Practical solutions:
• Unify the digital vision: The leadership team must collectively answer three core questions — “Why are we transforming? Who will it impact? What does success look like?”
• Establish a Digital Transformation Committee with clear roles, regular meetings, and a Transformation Leader to ensure consistent commitment from top to bottom.

Bottleneck 2: Employees lack digital skills and adaptive mindset
Many businesses invest hundreds of millions of VND in CRM, ERP, or LMS platforms — yet employees don’t know how (or don’t want) to use them.
Common causes:
• Fear of technology and reluctance to learn new things.
• Lack of understanding of “how this tool helps me.”
• Old processes remain unchanged, so despite having new systems, employees revert to Excel or Zalo.
Practical solutions:
• Provide basic digital skills training for the entire workforce, including software usage, data security, system-based work, and AI applications.
• Shift from “forced learning” to “motivated learning” through microlearning programs, minigames, and recognition for digital innovation.

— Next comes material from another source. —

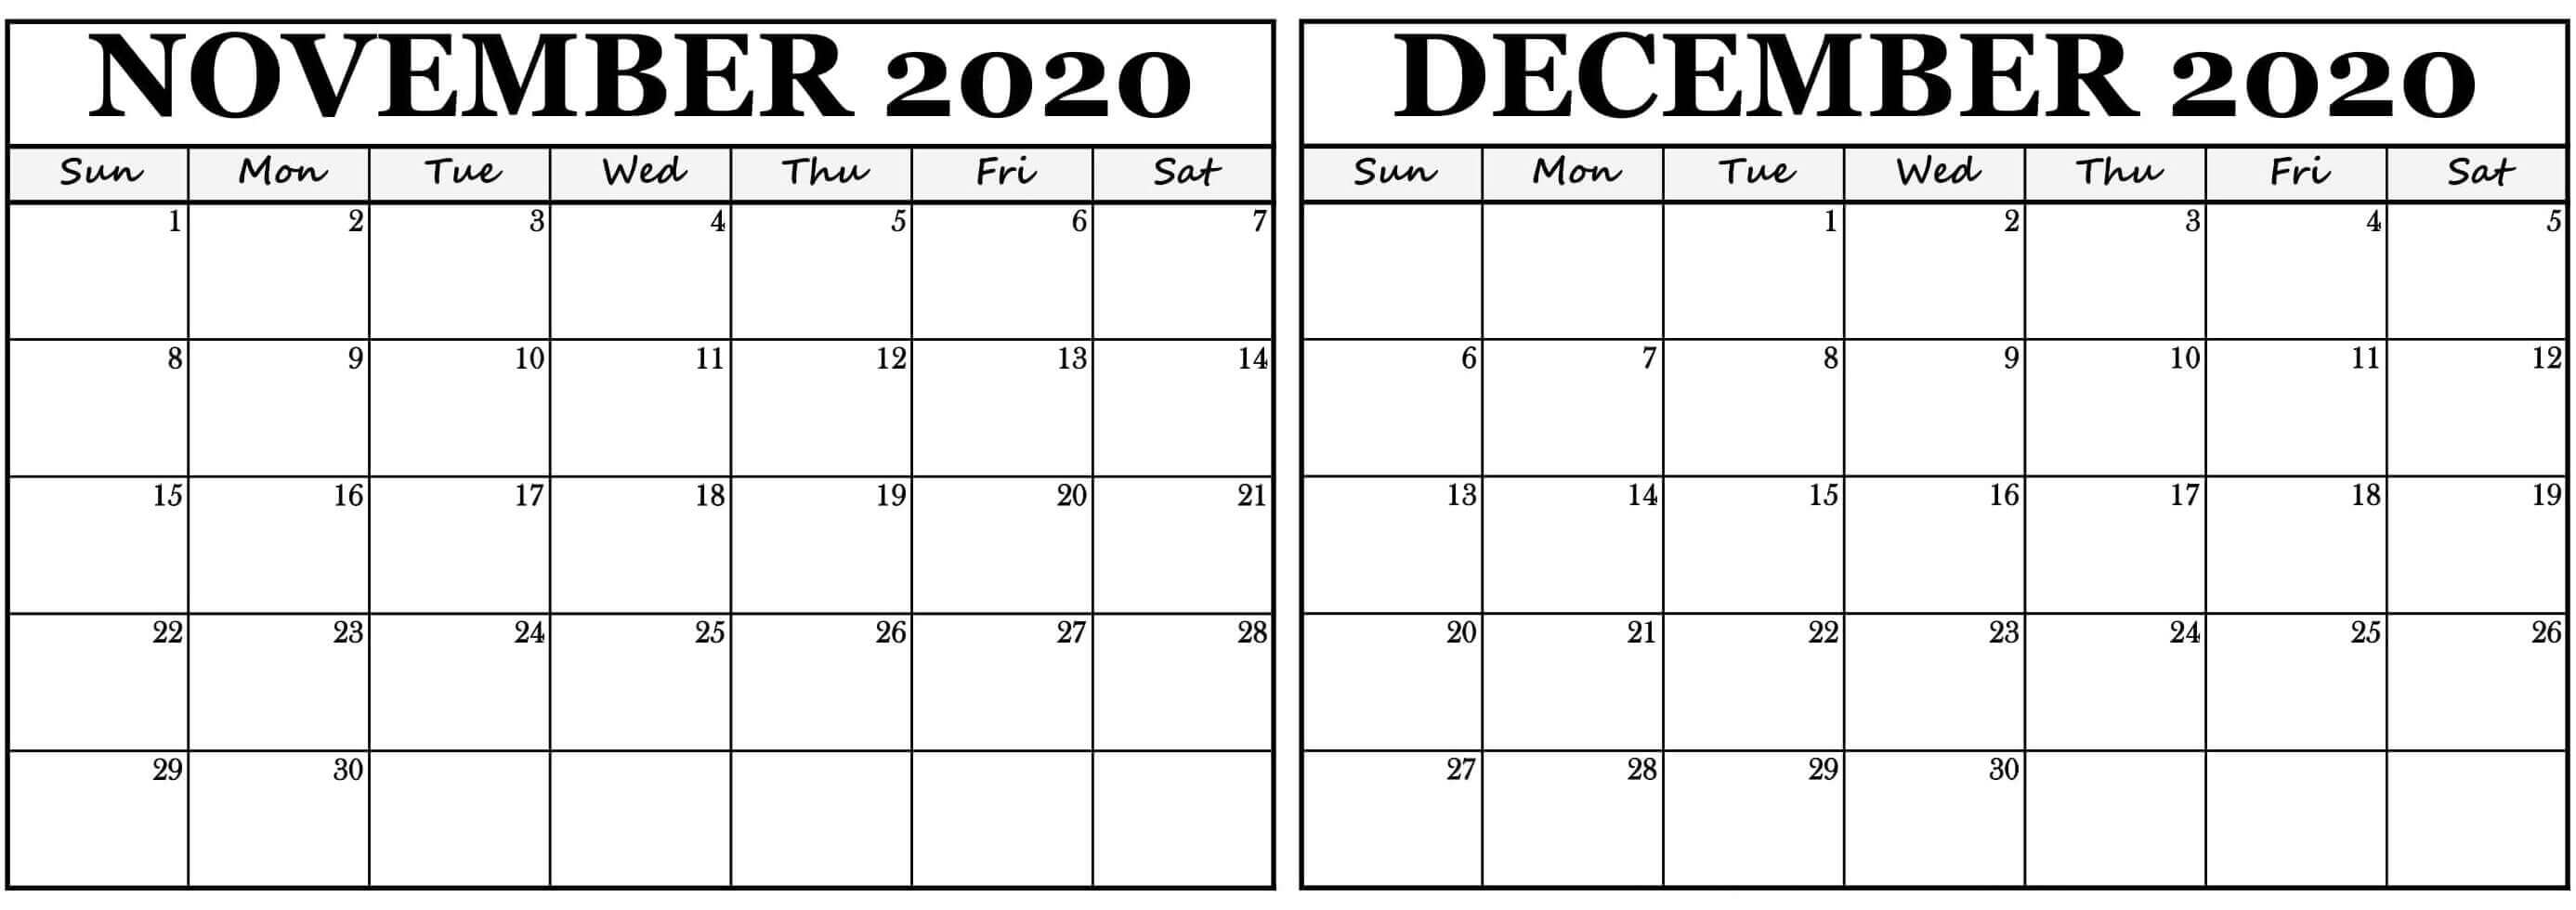 Editable November December 2020 Calendar Landscape

• Integrate technology into daily work so employees see immediate benefits — for example, 30% less time spent on reporting, 20% higher productivity.
Bottleneck 3: Investing in technology without changing processes
This is the most common trap. Businesses spend money on new systems, but old processes remain unchanged. The system looks modern on the surface, yet operations underneath are still manual, slow, and redundant. That is not digital transformation — it is wasteful digitization.
Practical solutions:
• Standardize processes before applying technology. Redraw workflows using Lean principles — eliminate unnecessary steps and clarify roles and responsibilities.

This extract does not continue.